_Work to complete_
Your output must match the data word for word, with every line included.

_Data for review_
- - - - -

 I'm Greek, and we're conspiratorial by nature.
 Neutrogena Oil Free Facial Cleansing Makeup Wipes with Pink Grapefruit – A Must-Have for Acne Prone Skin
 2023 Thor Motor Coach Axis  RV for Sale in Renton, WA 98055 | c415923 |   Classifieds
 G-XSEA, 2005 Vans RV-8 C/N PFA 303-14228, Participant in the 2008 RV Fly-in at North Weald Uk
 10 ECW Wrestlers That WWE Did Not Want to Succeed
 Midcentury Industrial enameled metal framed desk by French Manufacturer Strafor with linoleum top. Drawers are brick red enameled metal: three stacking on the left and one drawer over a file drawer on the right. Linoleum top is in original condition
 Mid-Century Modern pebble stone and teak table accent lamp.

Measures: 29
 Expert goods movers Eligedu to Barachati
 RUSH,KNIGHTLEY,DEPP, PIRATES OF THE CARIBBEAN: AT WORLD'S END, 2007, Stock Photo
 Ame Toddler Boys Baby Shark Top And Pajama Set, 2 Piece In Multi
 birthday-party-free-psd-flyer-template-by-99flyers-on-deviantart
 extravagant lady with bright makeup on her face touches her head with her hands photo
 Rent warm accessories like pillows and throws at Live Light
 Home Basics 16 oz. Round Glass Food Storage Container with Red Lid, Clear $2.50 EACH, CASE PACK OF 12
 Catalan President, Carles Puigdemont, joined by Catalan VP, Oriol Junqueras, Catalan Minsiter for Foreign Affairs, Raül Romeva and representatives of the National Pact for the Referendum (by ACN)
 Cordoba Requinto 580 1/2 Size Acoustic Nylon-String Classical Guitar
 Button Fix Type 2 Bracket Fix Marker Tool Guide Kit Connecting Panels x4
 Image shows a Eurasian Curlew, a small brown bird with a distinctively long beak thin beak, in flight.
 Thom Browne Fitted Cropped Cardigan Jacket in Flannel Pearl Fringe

- - - - -

_Task solution_
 I'm Greek, and we're conspiratorial by nature.
 Neutrogena Oil Free Facial Cleansing Makeup Wipes with Pink Grapefruit – A Must-Have for Acne Prone Skin
 2023 Thor Motor Coach Axis  RV for Sale in Renton, WA 98055 | c415923 |   Classifieds
 G-XSEA, 2005 Vans RV-8 C/N PFA 303-14228, Participant in the 2008 RV Fly-in at North Weald Uk
 10 ECW Wrestlers That WWE Did Not Want to Succeed
 Midcentury Industrial enameled metal framed desk by French Manufacturer Strafor with linoleum top. Drawers are brick red enameled metal: three stacking on the left and one drawer over a file drawer on the right. Linoleum top is in original condition
 Mid-Century Modern pebble stone and teak table accent lamp.

Measures: 29
 Expert goods movers Eligedu to Barachati
 RUSH,KNIGHTLEY,DEPP, PIRATES OF THE CARIBBEAN: AT WORLD'S END, 2007, Stock Photo
 Ame Toddler Boys Baby Shark Top And Pajama Set, 2 Piece In Multi
 birthday-party-free-psd-flyer-template-by-99flyers-on-deviantart
 extravagant lady with bright makeup on her face touches her head with her hands photo
 Rent warm accessories like pillows and throws at Live Light
 Home Basics 16 oz. Round Glass Food Storage Container with Red Lid, Clear $2.50 EACH, CASE PACK OF 12
 Catalan President, Carles Puigdemont, joined by Catalan VP, Oriol Junqueras, Catalan Minsiter for Foreign Affairs, Raül Romeva and representatives of the National Pact for the Referendum (by ACN)
 Cordoba Requinto 580 1/2 Size Acoustic Nylon-String Classical Guitar
 Button Fix Type 2 Bracket Fix Marker Tool Guide Kit Connecting Panels x4
 Image shows a Eurasian Curlew, a small brown bird with a distinctively long beak thin beak, in flight.
 Thom Browne Fitted Cropped Cardigan Jacket in Flannel Pearl Fringe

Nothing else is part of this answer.